Puesto que la mayoría de los pacientes sobrevivirá tras el diagnóstico de cáncer testicular, los médicos deben tratar de reducir los riesgos a largo plazo del tratamiento y limitar la morbilidad innecesaria y la mortalidad temprana. van Walraven et al. exploraro las cuestión de tumores secundarios relacionados con los estudios por imágenes en más de 2500 supervivientes de cáncer testicular e informaron que no existe aumento del riesgo de tumores malignos secundarios. El seguimiento fue sólo de una mediana de 11 años y quizás no haya sido suficiente.

La radiación terapéutica es un factor de riesgo reconocido para tumores malignos secundarios. Estudios involucran también a la quimioterapia en el riesgo de tumores malignos de riñón, tiroides, tejidos blandos, vejiga, estómago y páncreas, así como en el riesgo de linfoma y leucemia.

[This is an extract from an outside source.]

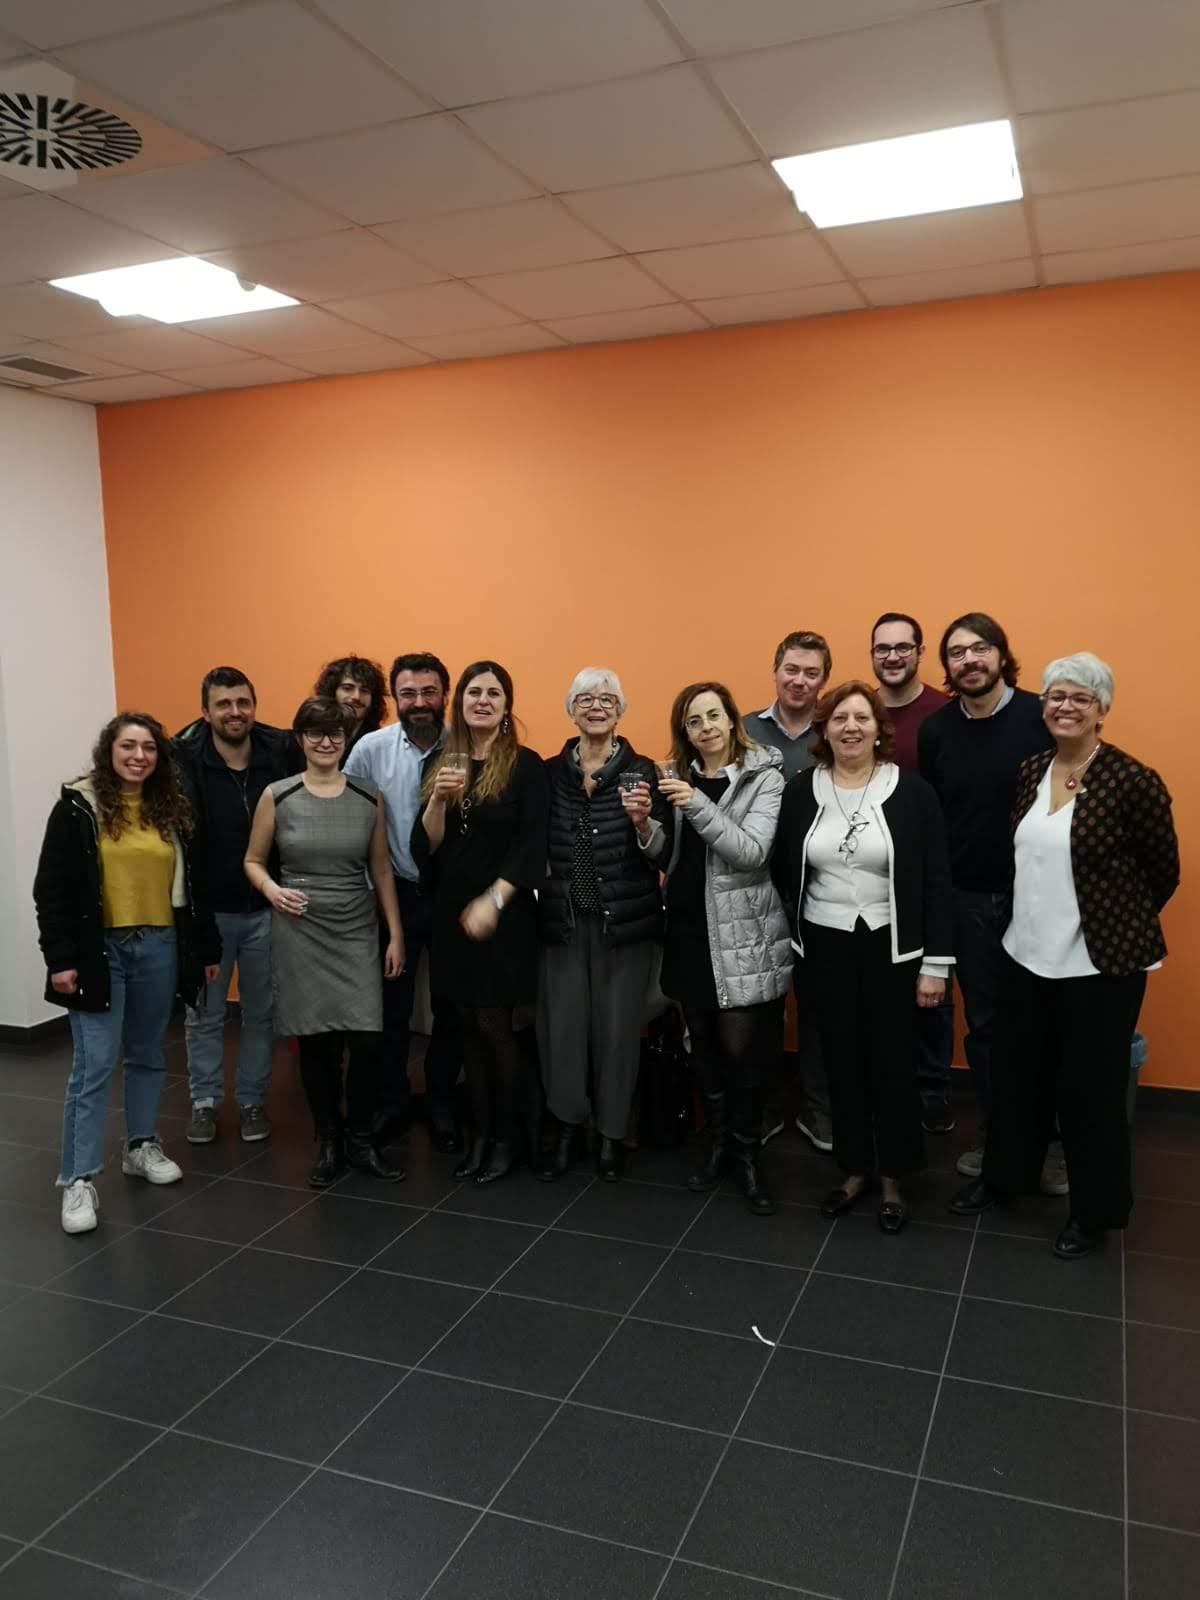 Il team MOSAIC al termine dell'evento di presentazione del progetto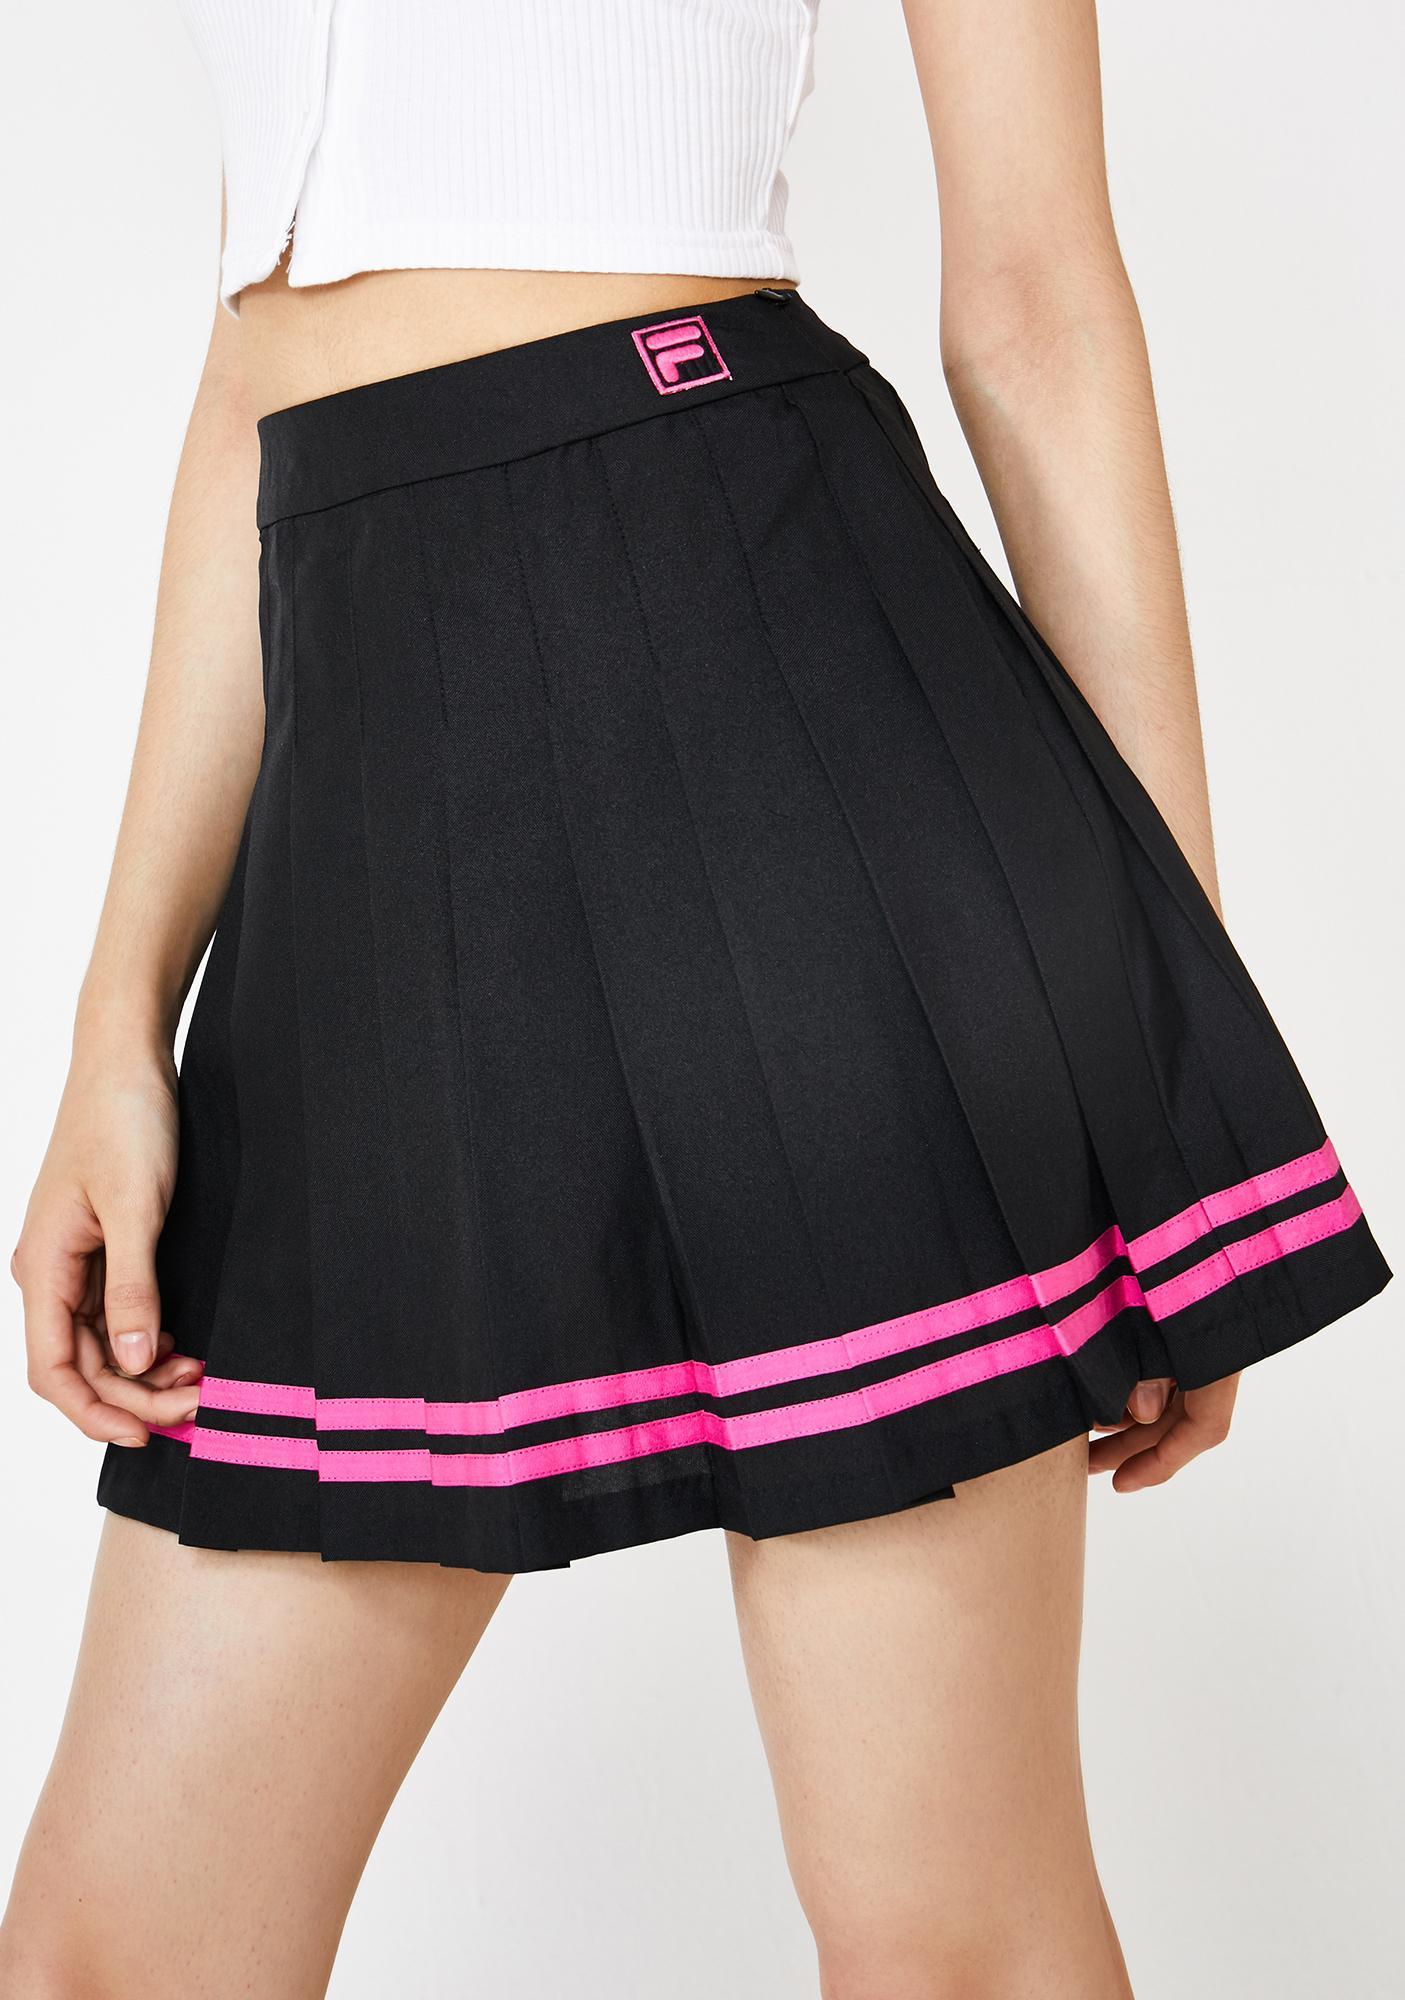 Fila Palma Pleated Tennis Skirt

Los pacientes que sobreviven al cáncer testicular tienen también riesgo de recidiva tardía de la enfermedad (> 2 años después de la remisión), así como de síndrome metabólico, enfermedad cardiovascular, esterilidad; efectos tóxicos neurológicos, renales y pulmonares, fenómeno de Raynaud, trastornos psicosociales e hipogonadismo, que puede predisponer a disfunción sexual, cansancio, depresión y osteoporosis. La eyaculación retrógrada puede aparecer después de la operación en pacientes sometidos a la extirpación de los ganglios retroperitoneales.

Conclusiones

Aunque la mayoría de los pacientes con cáncer de testículo se curan, miles de hombres en todo el mundo aún mueren cada año por esta causa. La quimioterapia citotóxica sigue siendo el pilar terapéutico para la enfermedad avanzada.

Investigadores de todo el mundo continúan cooperando en estudios clínicos, comparten descubrimientos y debaten interrogantes no resueltos. Es debido a este espíritu de cooperación que se han hecho notables progresos en este tema.